Try it: From the line containing "hendon-grand-design-garden-4" down to the line containing "Umbra drinking charm - buddy (7)", copy out the entries below exactly, both lines included, and nothing else; pictures do not belong in the copy.

Task input:
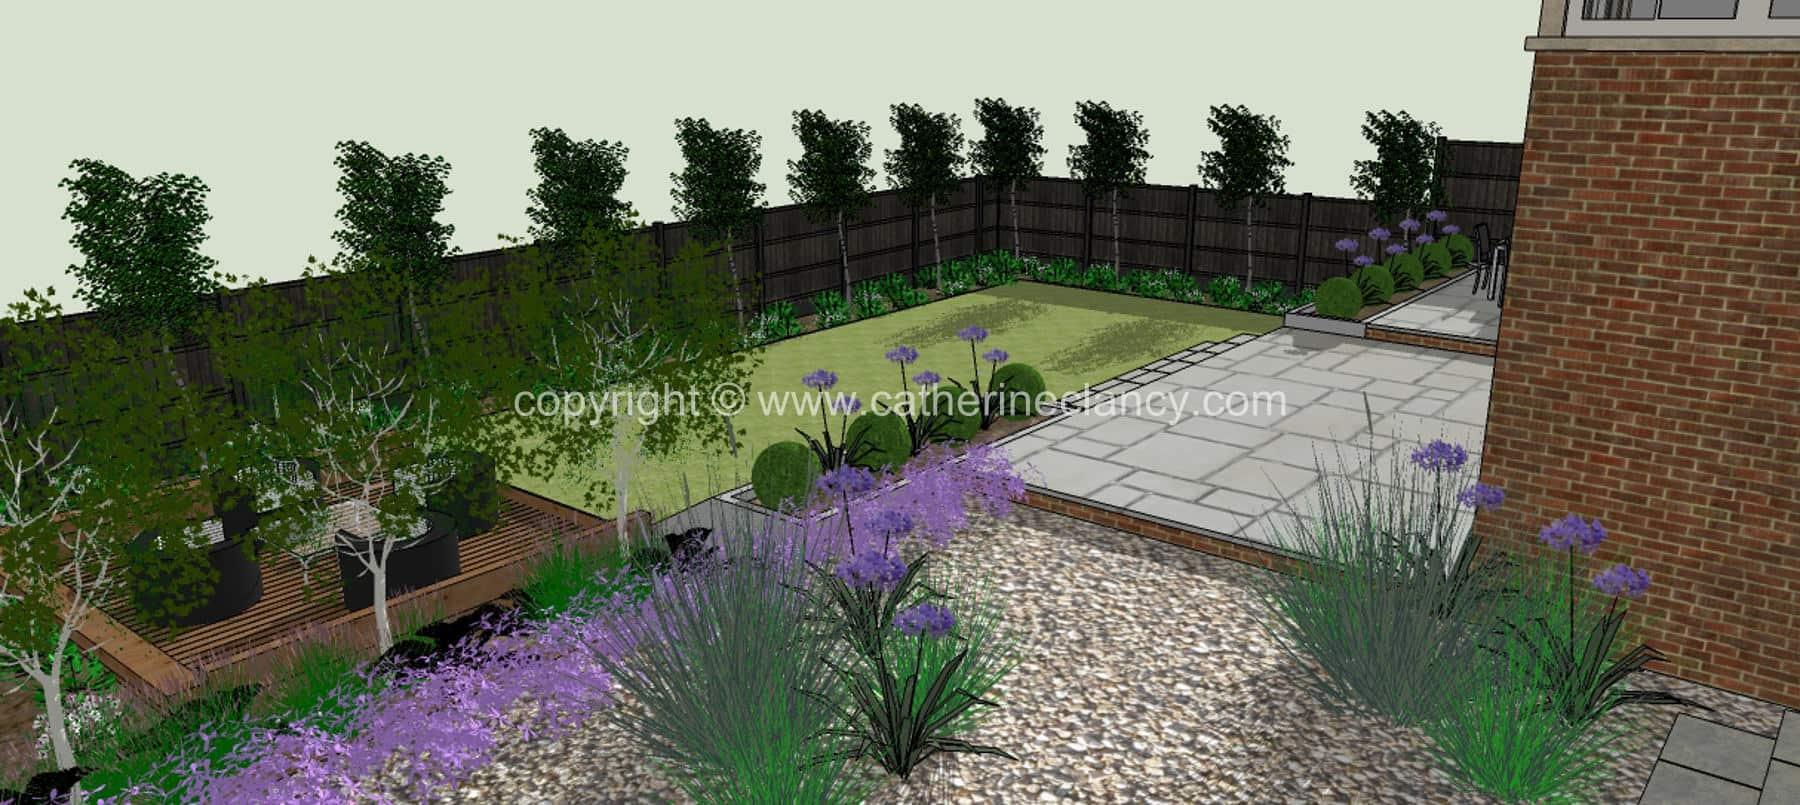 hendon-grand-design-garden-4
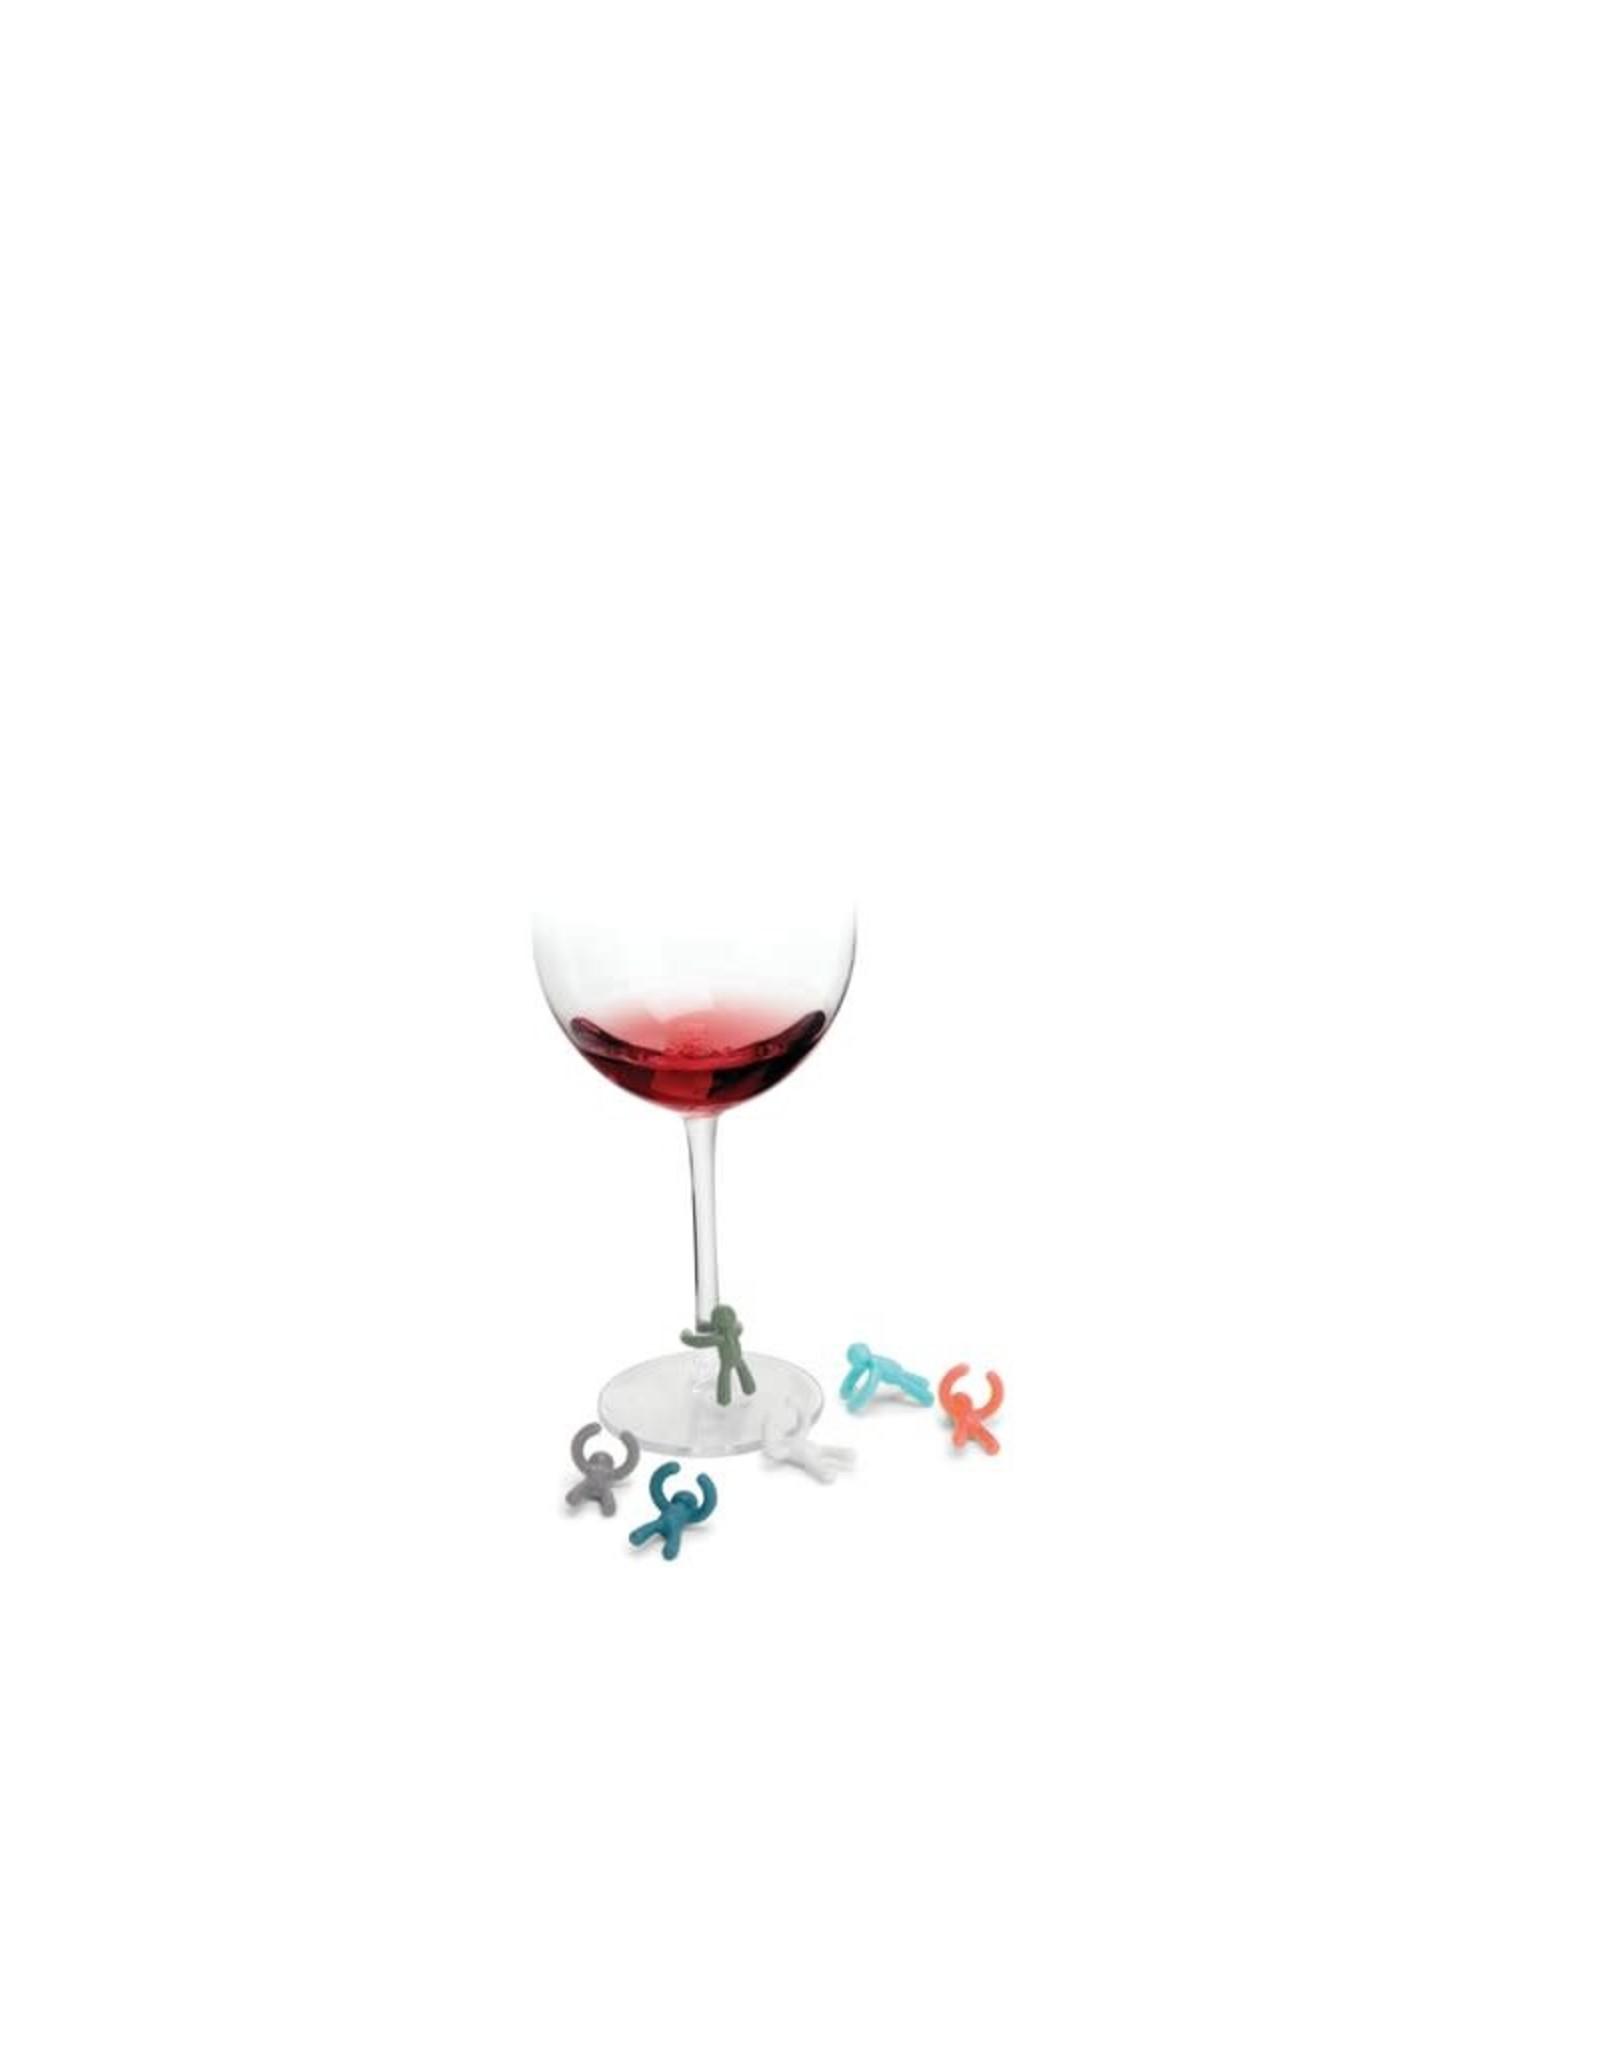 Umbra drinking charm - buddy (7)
==
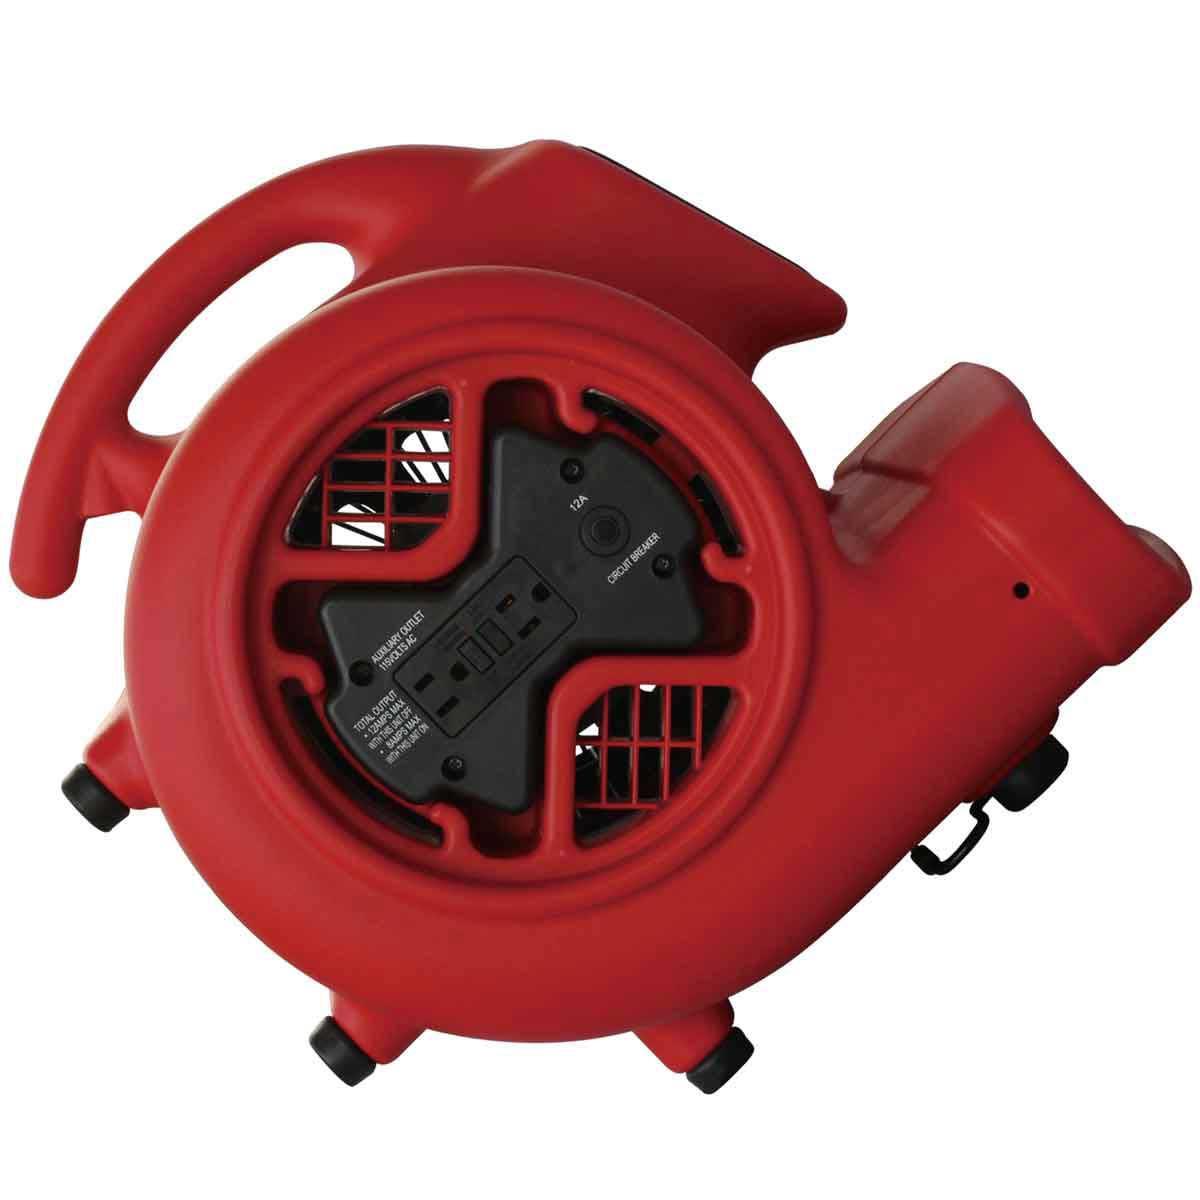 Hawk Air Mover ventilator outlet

Answer to this task:
 hendon-grand-design-garden-4
 Umbra drinking charm - buddy (7)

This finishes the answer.